Solidarity challenges Motshekga’s authority to keep private schools closed

According to Solidarity, the department has no say on when these schools may open or close.

Trade union Solidarity has sent a lawyer’s letter to the Department of Basic Education, questioning it’s directive on the opening of private schools.

According to Solidarity, the department has no say on when these schools may open or close.

On Friday, Basic Education Minister Angie Motshekga announced that pupils at public schools would be back in the classroom on 15 February.
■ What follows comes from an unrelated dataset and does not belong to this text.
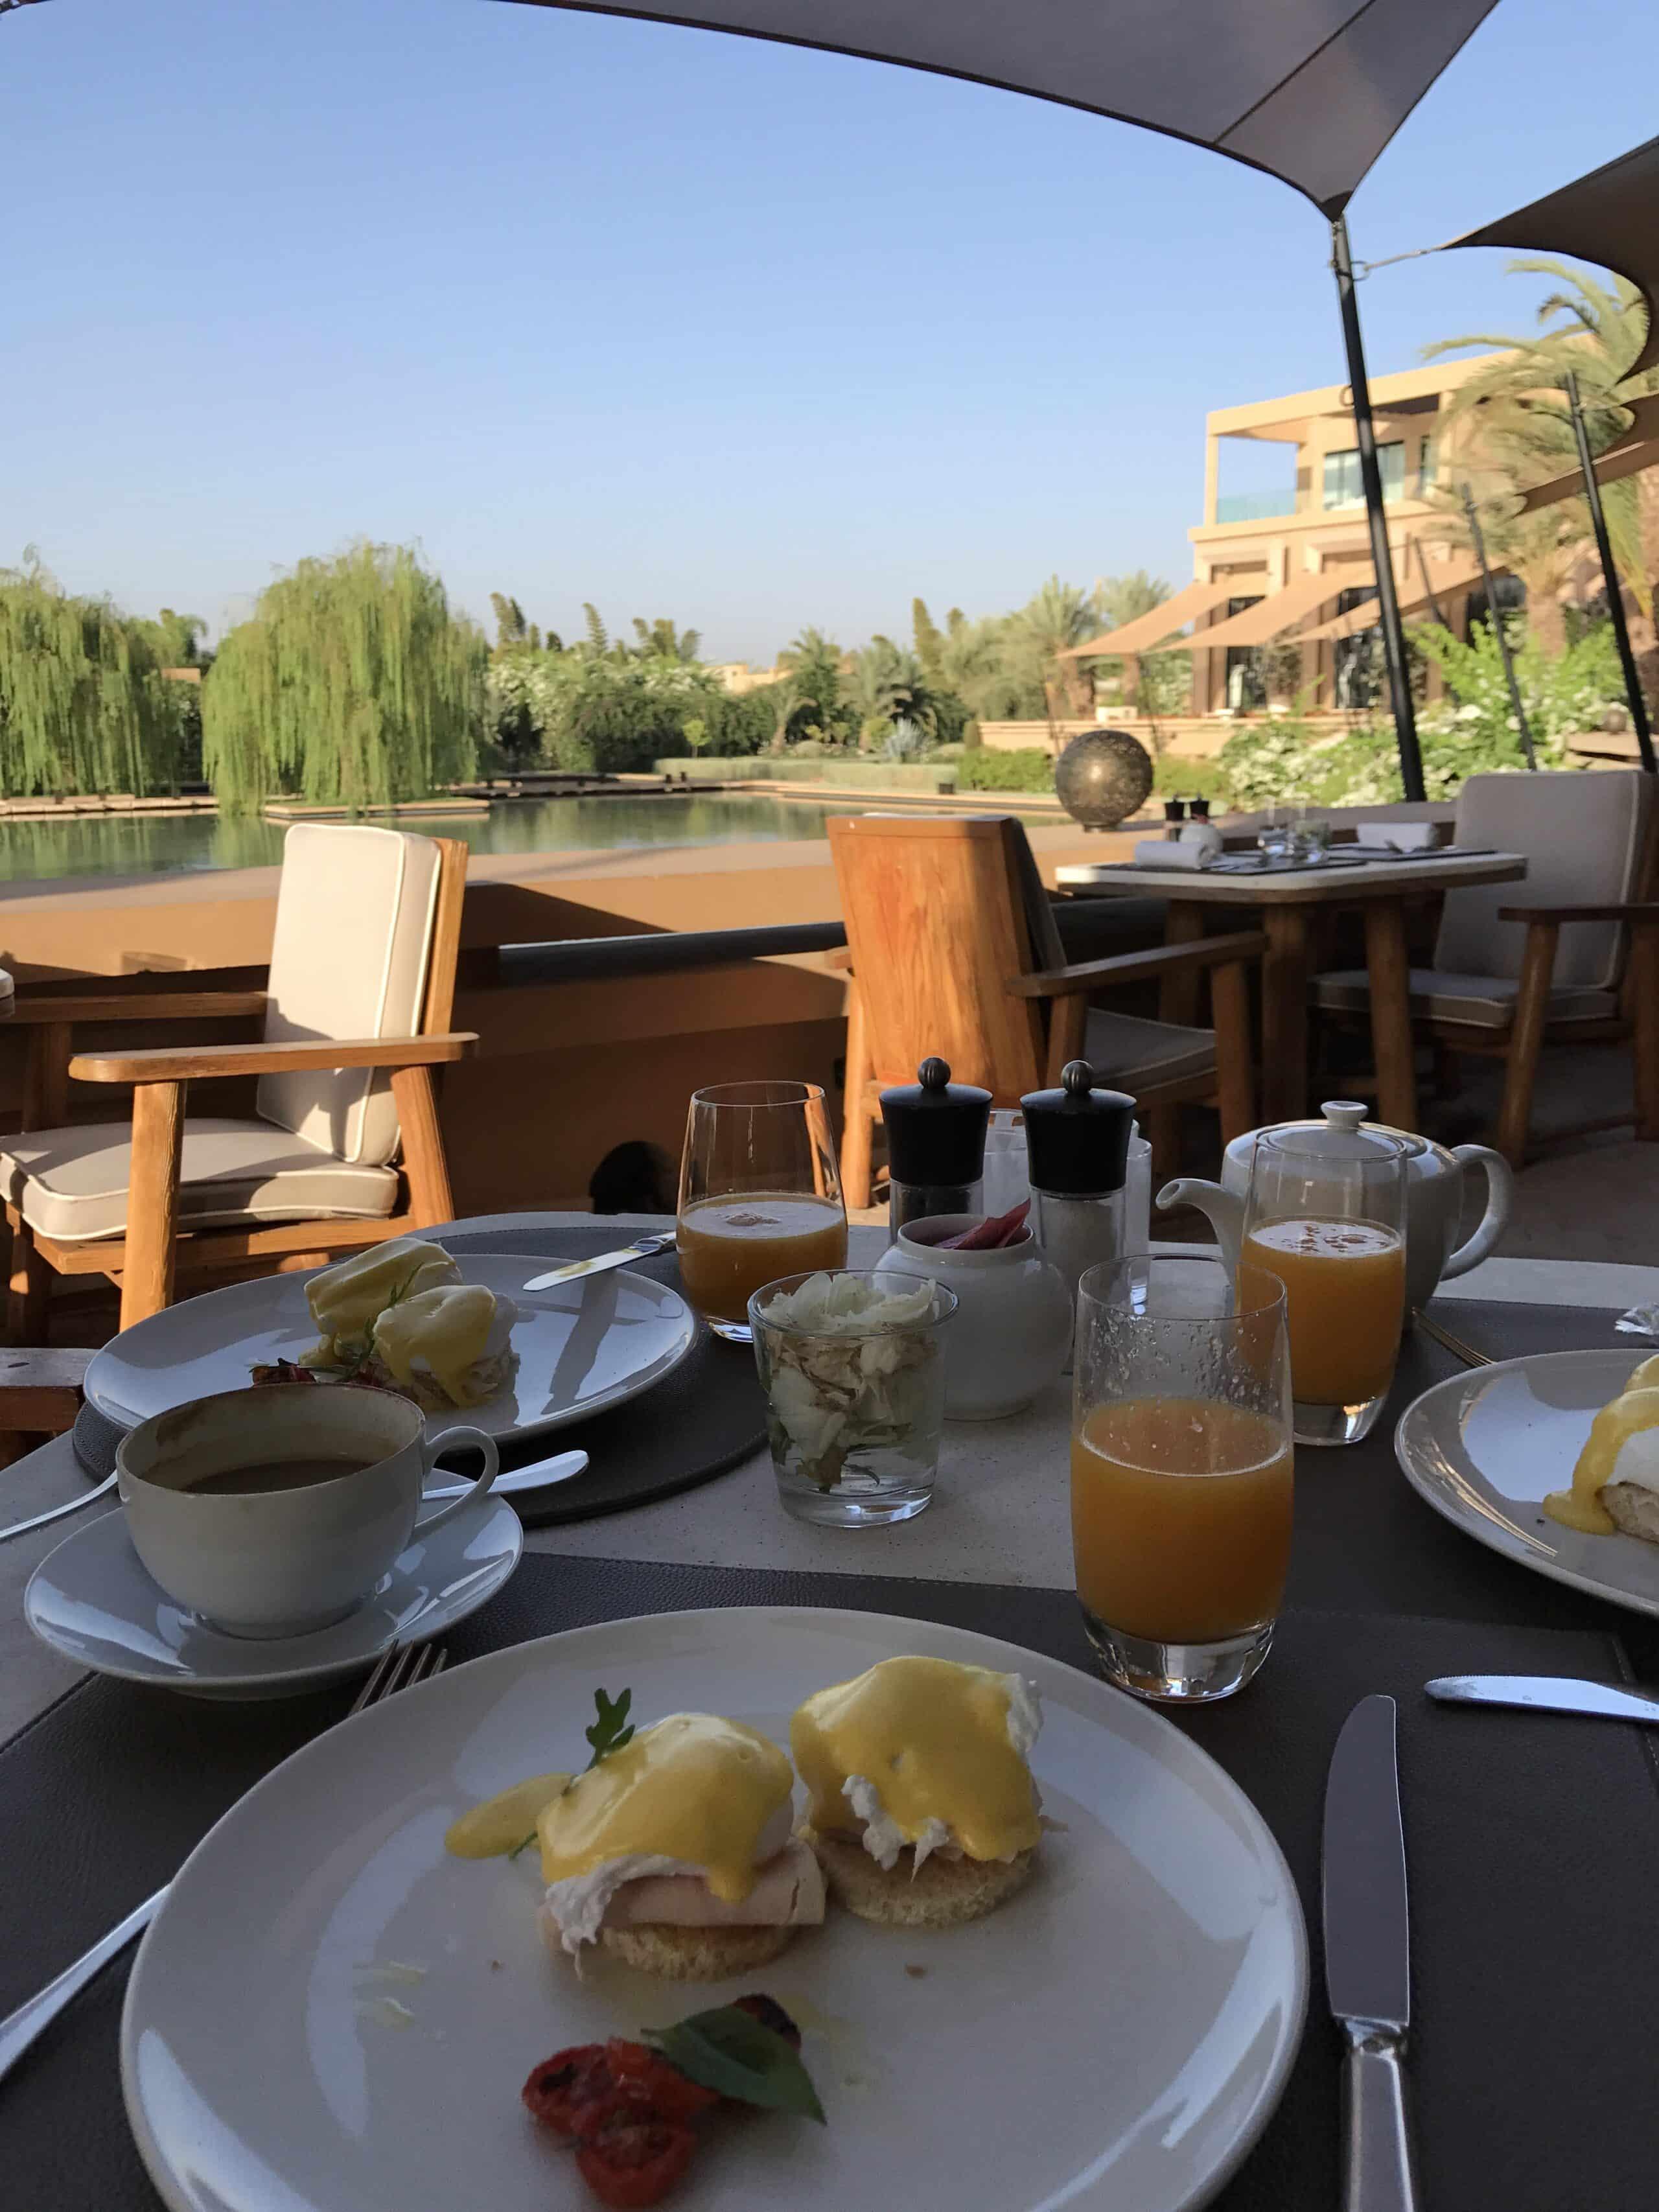 onde ficar em marrakech mandarin oriental Foto: Luis Felipe Di Mare
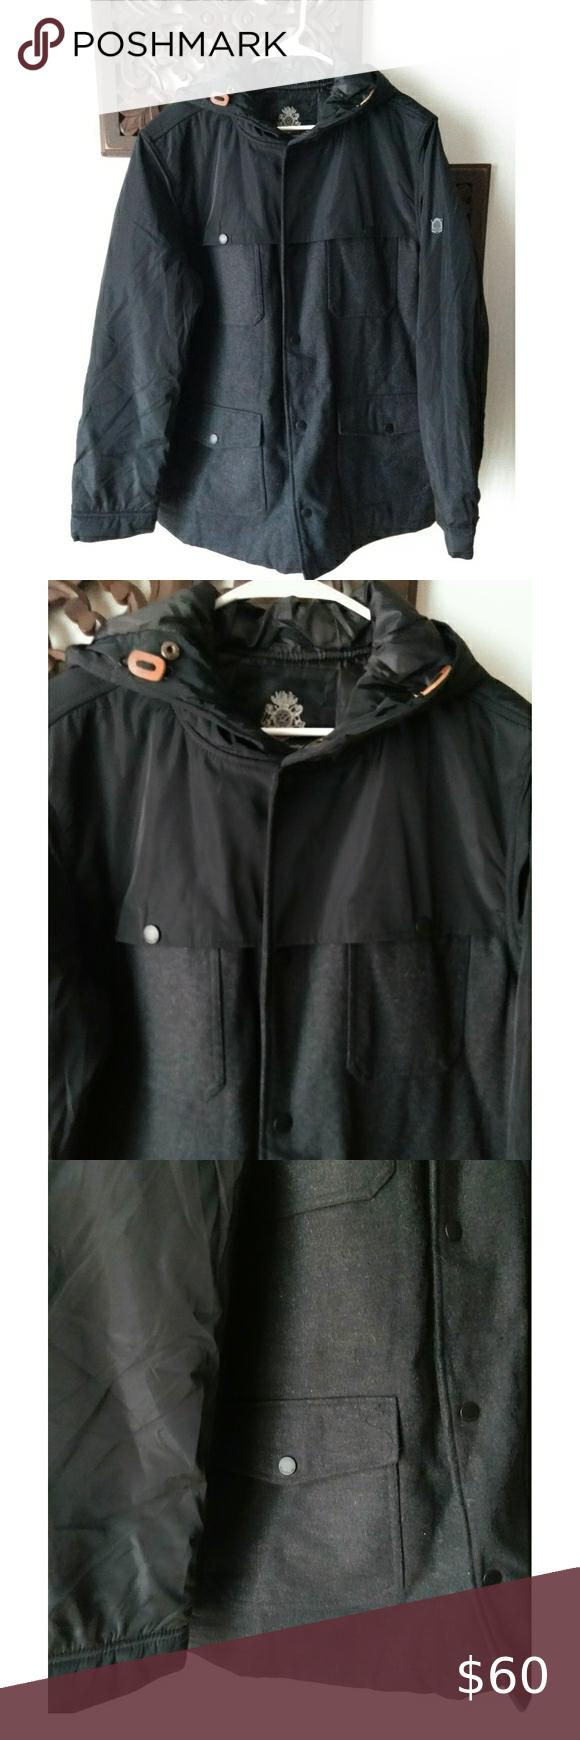 English Laundry Men S Jacket Hooded Jacket Men Clothes Design Fashion [ 1740 x 580 Pixel ]

Private schools would be allowed to open two weeks earlier, from 1 February.

Motshekga said that private schools must delay reopening for two weeks, but that officials could access school premises during the period of closure if required.

Solidarity chief executive Dirk Hermann in the letter, sent on Saturday, informed Motshekga that she did not have the powers to compel independent schools to remain closed. These powers instead lie with Cooperative Governance Minsiter Nkosasana Dlamini-Zuma, Solidarity asserts.

The organisation argues that the issuing of such directives by the Department of Basic Education is invalid and insists that the government amend the directives and publish them in Government Gazette by no later than 16:00 on 25 January.

“The minister is acting outside the powers conferred on her. Announcing now that independent schools must wait another week before they may reopen, or that those that have already opened have to close again, is unlawful. A pandemic does not justify wrongful decisions,” Hermann contends.


Department spokesperson Elijah Mhlanga said in response: “The legal team is looking into the matter. The Department will announce the next course of action at right time.”

Solidarity further argues that that opening of schools has little impact on the Covid-19 infection rate, based on research and recommendations from experts, including the United Nations’ Children’s Fund (Unicef).

“Independent schools have unique circumstances which have to be considered, and in many cases those are smaller schools. Unlike public schools, their teachers are not paid by the state. A postponement of the school year exposes this group to a great extent. Most of them are in a position to strictly adhere to Covid-19-protocols and such measures are already in place.”